Discovery & Learning 2011

Page 6

Discovery and Learning 2011

Swansea Bay: Trackways to the past by Andrew Sherman

LEFT: An archaeologist cuts a lonely figure between high and low water on Swansea Bay. During the Bronze Age the area would have looked vastly different to what it does today.

In prehistory Swansea Bay would have looked significantly different from how it does today. The sea level was lower, so it was further out. We think that from time to time areas of dunes developed between the hinterland and the sea and prevented the local rivers draining freely into the sea. This created a large area of boggy marshland behind them, like today at Jersey Marine and Oxwich. Then conditions would change as deposits of clay or sand replaced the marsh. These changing environments survive in the present as layers of peat, some with fossilised trees, separated by layers of sand and clay.
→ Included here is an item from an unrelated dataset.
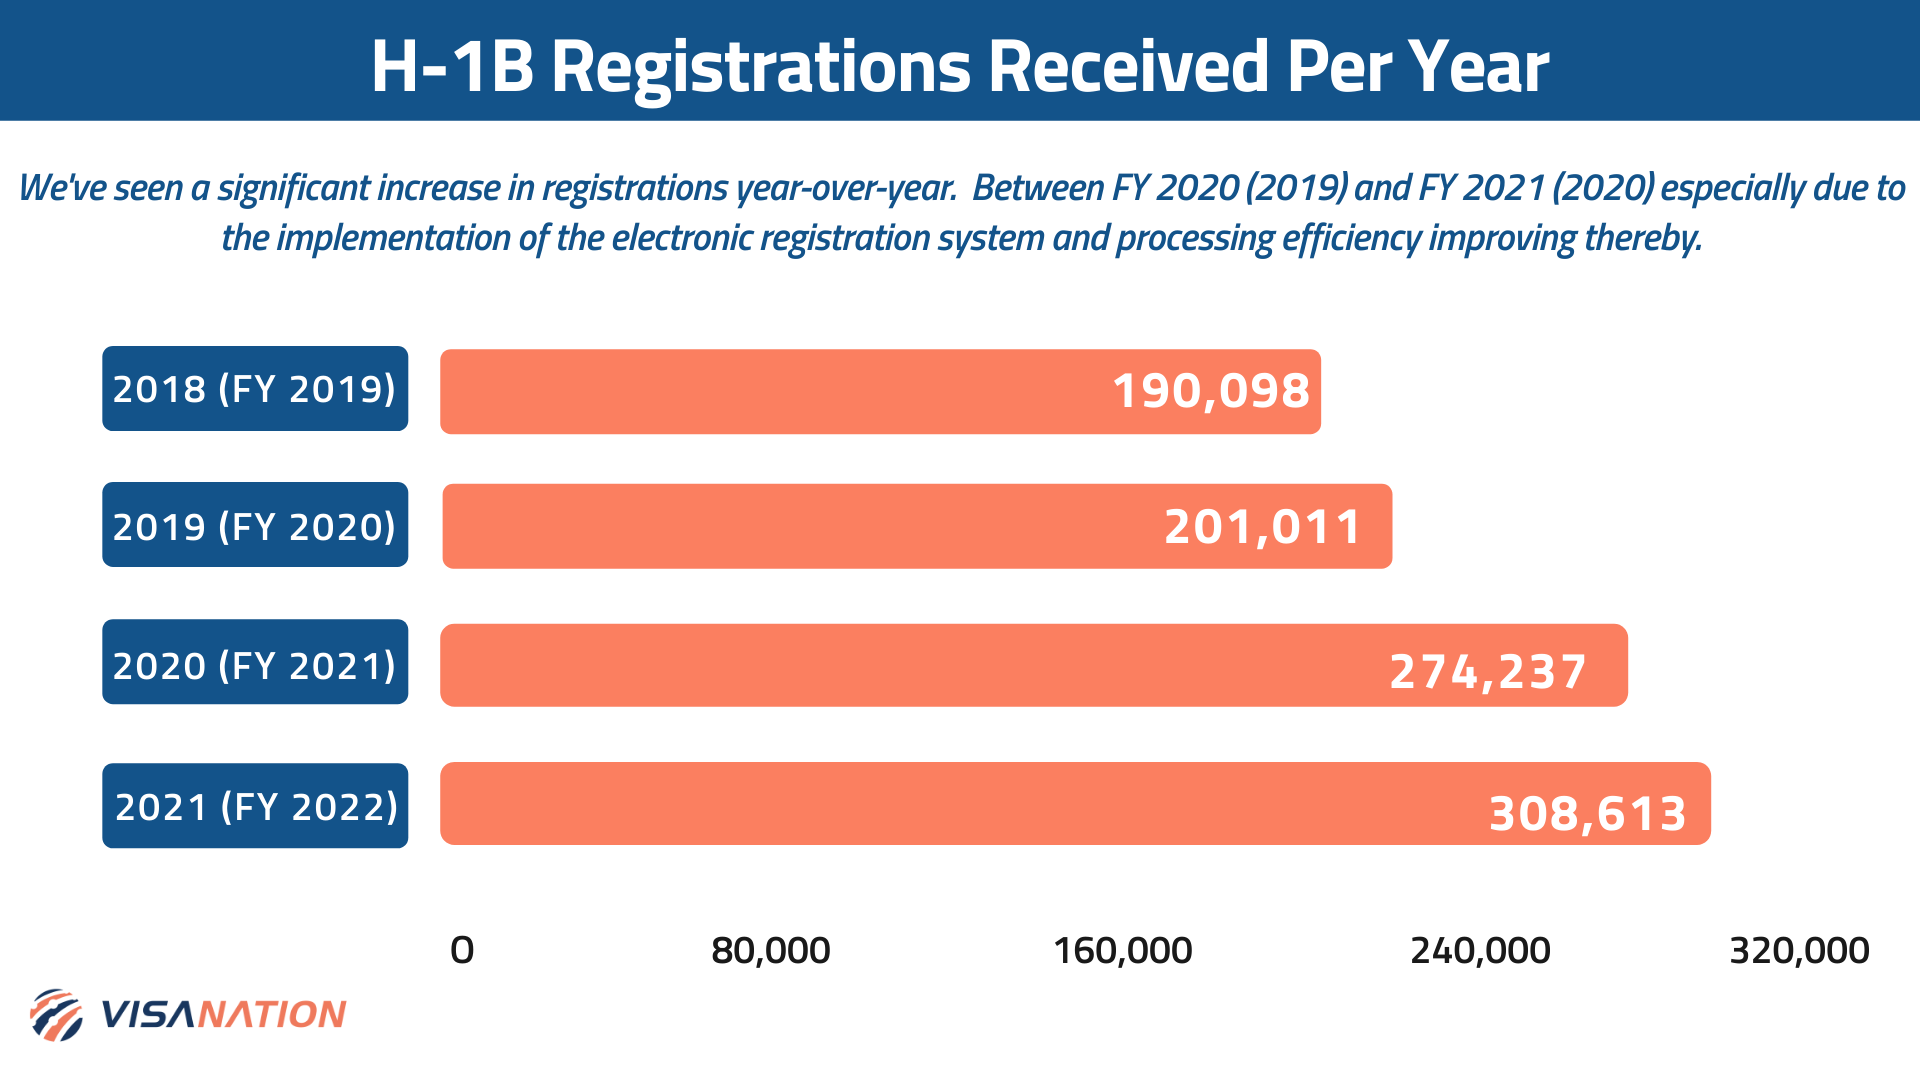 h-1b registrations year

As the sea erodes these deposits, a series of peat shelves is created, which can be found on the beach at Oystermouth, Blackpill, Brynmill, Margam and Kenfig. When there was marshland, it would have been a good place for fishing and wildfowling, and a series of hoof prints preserved in the Kenfig peatshelf suggests that the area may have been used to graze cattle. LEFT: Fossilised tree remains at Swansea Bay.

ABOVE: Cattle hoof print from Kenfig peat shelf.